2 weeks ago I got a cheap VPS from a provider in Asheville NC. Someone who should probably remain anonymous here :) It is a Xen VPS running Ubuntu 10.04 and 64bit Linux 2.6.32 kernel. 512MB of memory, 25GB of disk space and more bandwidth than I ever need. Pretty good price too. So I logged in and check how much memory it got…
# free total used free shared buffers cached Mem: 543776 535360 8416 0 66516 130504 -/+ buffers/cache: 338340 205436 Swap: 1048568 136 1048432
Hmm. 330MB of memory already used for my brand new Xen VPS. Let’s see what processes are running.

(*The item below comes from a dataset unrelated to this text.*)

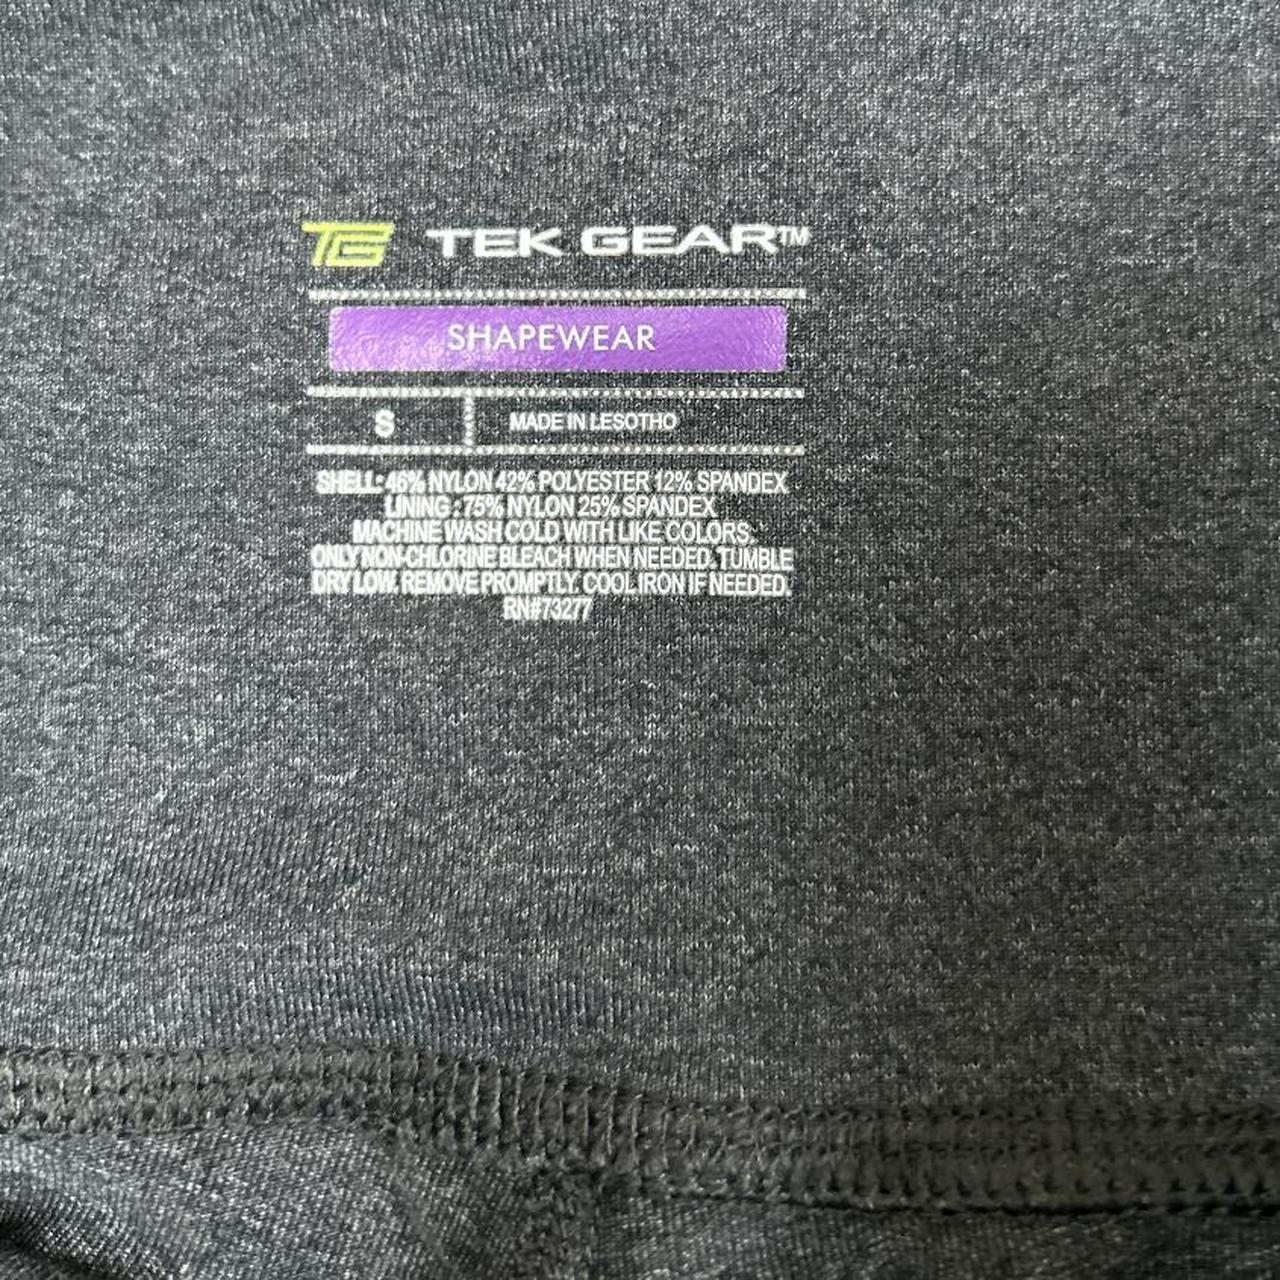 Tek Gear shapewear size small (two pockets). - Depop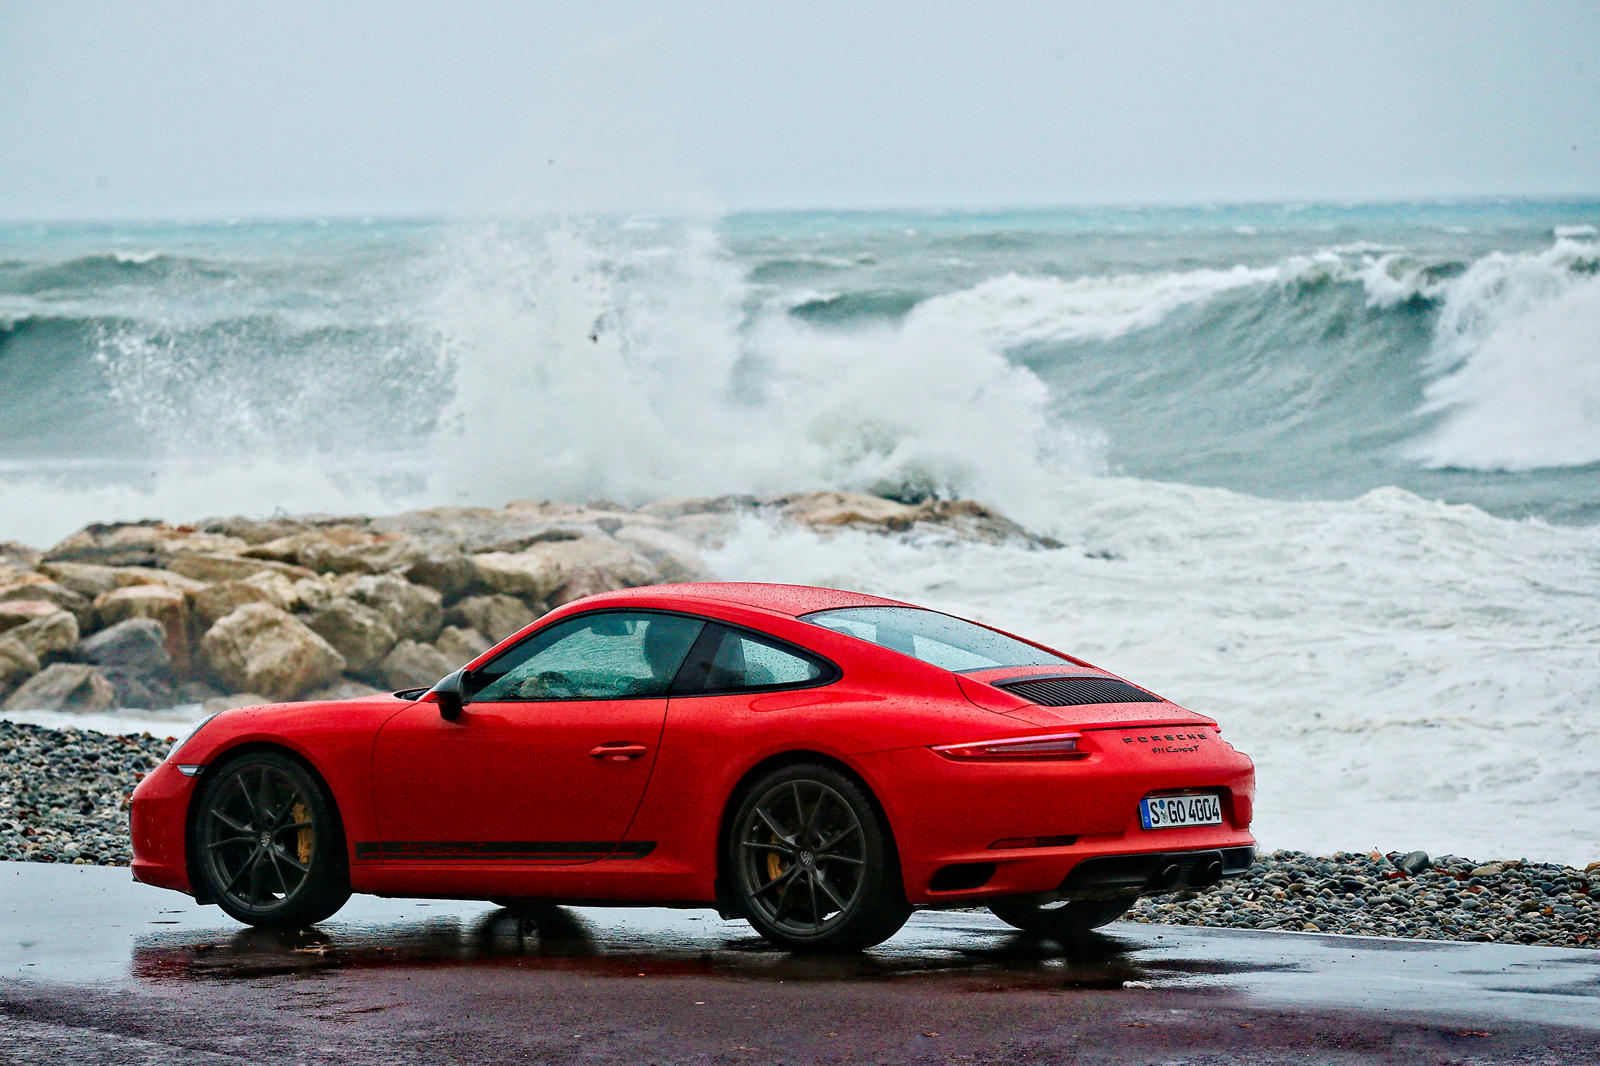 От базового 911 Carrera до хардкорного 911 GT2 RS, 911 доступен буквально для каждого бюджета с начальной ценой от 90 000 долларов. Мы находимся всего в нескольких шагах от официального дебюта следующего 992 поколения 911, но Porsche сохраняет свои д

# ps aux ... root 204 0.0 0.1 17028 780 ? S Oct27 0:00 upstart-udev-bridge --daemon 102 356 0.0 0.1 23548 1080 ? Ss Oct27 0:00 dbus-daemon --system --fork root 431 0.0 0.1 21068 788 ? Ss Oct27 0:00 cron root 3110 0.0 0.5 253832 2992 ? Sl Oct28 0:00 /usr/sbin/console-kit-daemon --no-daemon root 11037 0.0 0.1 49256 1012 ? Ss Oct28 0:00 /usr/sbin/sshd root 15427 0.0 0.1 12520 772 ? S Oct28 0:00 /usr/sbin/syslogd --no-forward root 31231 0.0 0.0 16748 436 ? S<s Nov12 0:00 udevd --daemon root 5716 0.0 0.6 79100 3772 ? Ss 01:02 0:00 sshd: root@pts/0 root 5731 0.0 0.3 19400 2148 pts/0 Ss 01:02 0:00 -bash root 5782 0.0 0.1 6072 724 ? Ss 01:08 0:00 /sbin/getty -8 38400 hvc0 root 5783 0.0 0.2 15248 1172 pts/0 R+ 01:08 0:00 ps --sort=start_time uax
Yes. That’s it — there is nothing memory intensive running on the box. SSH server, syslogd, cron and that’s about it. So where did my 330MB of used memory disappear into?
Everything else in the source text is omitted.